Je t`aime de tout mon cœur Comme à toutes les récrés, nous étions
Je t’aime de tout mon cœur
Comme à toutes les récrés, nous étions assises parterre, à l’ombre, près du grillage. Nos
plateau repas gisaient intactes à nos pieds : nous n’osions manger ou prononcer le
moindre mot.
L’heure était grave, il fallait parler ! Trouver une solution !
Baissant les yeux, je saisis mon portable. Pianotant sur les touches argentées de
l’appareil, je parlai la première :
- Tu l’aimes ?
Elle mordit ses lèvres, rougit, ferma les yeux et d’une voix étranglée, demanda :
- Lequel ?
- Celui-là bien sur !!!
- Je ne sais pas, dit-elle calmement en posant une main sur son ventre.
Elle l’aimait mais il ne lui inspirait que du dégout. Elle lui en voulait tellement car
c’était à cause de lui que son petit-ami l’avait plaqué hier ; c’était à cause de lui qu’elle
avait pleuré toute la nuit; c’était sa faute à lui si nous étions là aujourd’hui à chercher un
moyen de régler le problème !
-
Si seulement il n’avait jamais existé…tout ça c’est de sa faute, sa faute, sa faute…. ,
répéta-t-elle, avant de fondre en larmes- encore une fois !
-
Je comprends pas, confessai-je en passant ses bras autour d’elle. S’il te fait souffrir
pourquoi tu ne le largues pas, hein ?
Je l’aime…murmura-t-elle, entre deux sanglots.
Non ! tu ne l’aimes pas… tu crois que tu l’aimes mais… c’est faux ! tu ne l’aimes !
Ça fait quand même un mois, je te rappelle !
Et alors, ça ne veut rien dire ! Un mois ça ne signifie rien…c’est à partir de six ou
neuf mois que ça devient une vrai relation…
Tu dois avoir raison. Après tout, avec mon ex, on était ensemble depuis près d’un
an… ça c’est une relation !
-
Les yeux toujours humides, elle se mit à rire en se tenant le ventre. Son visage déformé
par cet accès soudain de rire, elle avait l’air d’une junkie en manque, d’une folle…
Effrayée, je la serrai de toutes mes forces contre moi et chuchotai :
- Oui, ça c’est une vraie relation…d’ailleurs je suis sûre que vous vous remettrez
ensemble dès que tu te seras débarrasser du petit gêneur…
- T’en est sûre ? vraiment il voudra encore de moi…
- J’en mettrais ma main au feu, dis-je en souriant, et tiens si on le lui demander
demain ?
- Oui, demain.
Nous baissâmes la tête et pleurâmes, chacune dans les bras de l’autre.
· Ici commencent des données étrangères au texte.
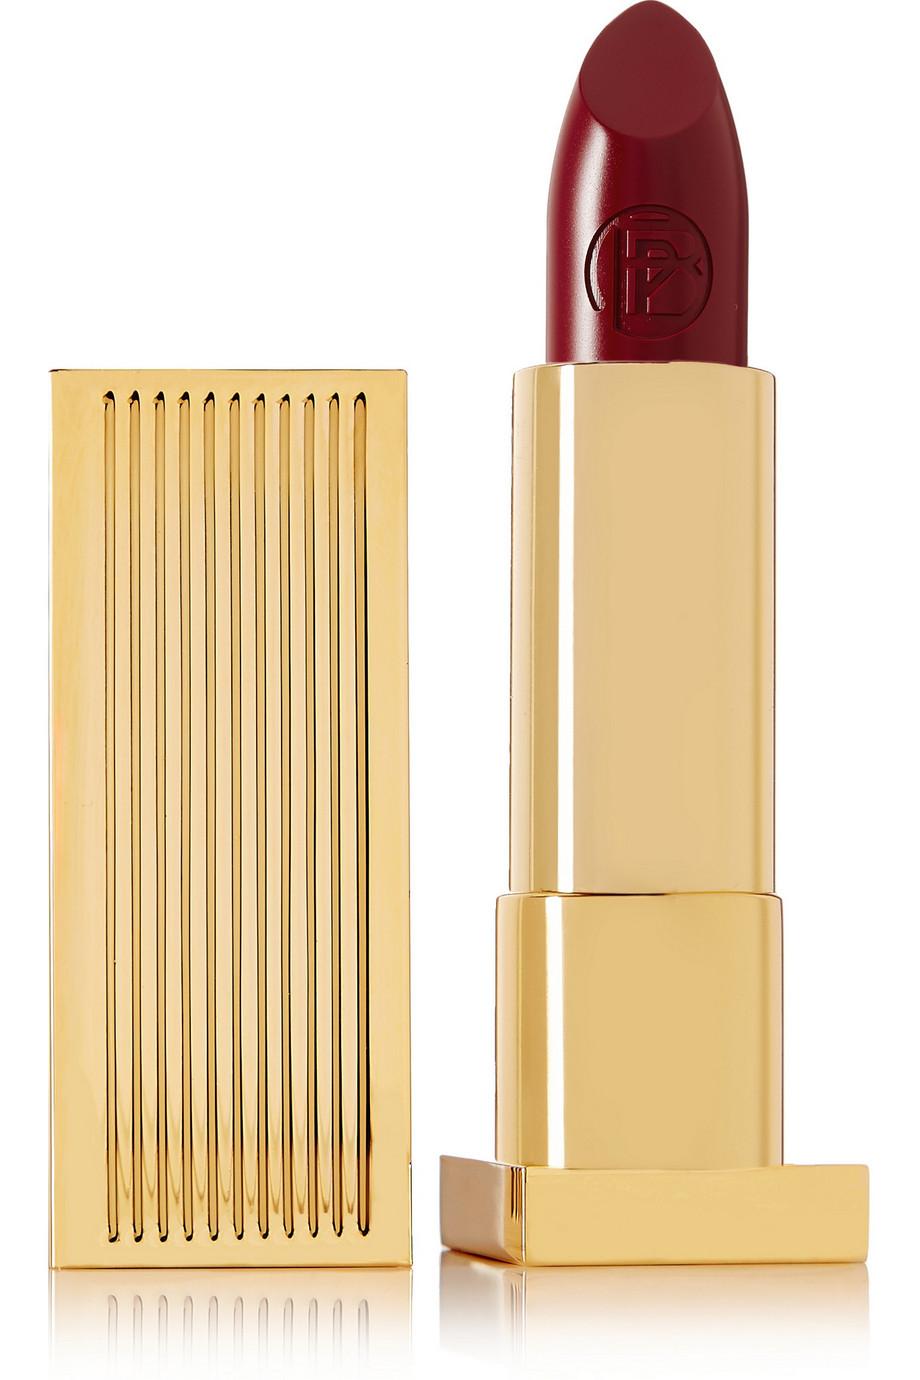 Velvet Rope Lipstick - Black Tie, by Lipstick Queen

Cette étreinte,
humide et salée, sembla durer une éternité ; nous dûmes toutefois se séparer et sécher nos
larmes lorsque la cloche sonna. Je me rinçai le visage et retournai en classe comme-ci de
rien n’était.
L’après-midi passa en un clin d’œil et je la retrouvai à la sortie des cours – comme
d’habitude. On monta dans le bus, s’assit ensemble, et descendit à la quatrième station.
On marcha un moment en silence, scrutant les vitrines des magazines aux alentours, et
finit par s’arrêter devant une statue de Kali, déesse indienne de la mort.
- C’est là ! derrière…tu veux venir ?
Sa voix était hésitante et ses yeux embués. Elle tremblait, rongeait ses ongles, déjà
courts, et semblait prête à s’évanouir à tout moment. J’avais tellement mal pour elle que
je saisis sa main.
- Oui, je viens.
La pièce était sale, délabrée, meublée de façon frugale, et me rappelait étrangement
l’appartement des Lorilleux, « c’était une pièce étranglée, une sorte de boyau». Pendant
que je contemplai la seule plante de toute la salle, une vieille femme fit son apparition,
nous dévisagea et avec un drôle d’accent demanda laquelle d’entre nous avez le cœur
brisé. À ces mots, je relâchai sa main et fis un pas en arrière ; elle légèrement troublée,
vacillante fit un pas en avant. La grand-mère se saisit d’elle et toute deux disparurent
derrière une porte blanche.
Je restai un moment assise, seule, sur une chaise branlante à côté de la seule plante de
toute la salle.
Elles finirent par réapparaitre. Elle s’appuyant sur la vieille, les jambes légèrement
écartés et l’autre souriant, renforçant la profondeur de ses rides.
-
C’est fini… plus de petit gêneur, murmura-t-elle.
Se détachant de l’ancêtre, elle s’élança en avant et se nicha dans mes bras. Ses cheveux
étaient défaits, son visage de marbre, ses joues rouges, et sur ses cuisses nues,
ruisselaient – une fois encore - de petits filets de sang. Elle s’était assoupie dans mes
bras, comme la dernière, le mois dernier, après avoir fait l’amour pour la première fois
avec son copain.
-
La prochaine fois si vous voulez avorter venez plutôt, plus le petit gêneur est jeune,
plus il s’enlève facilement, dit la grand-mère en ricanant.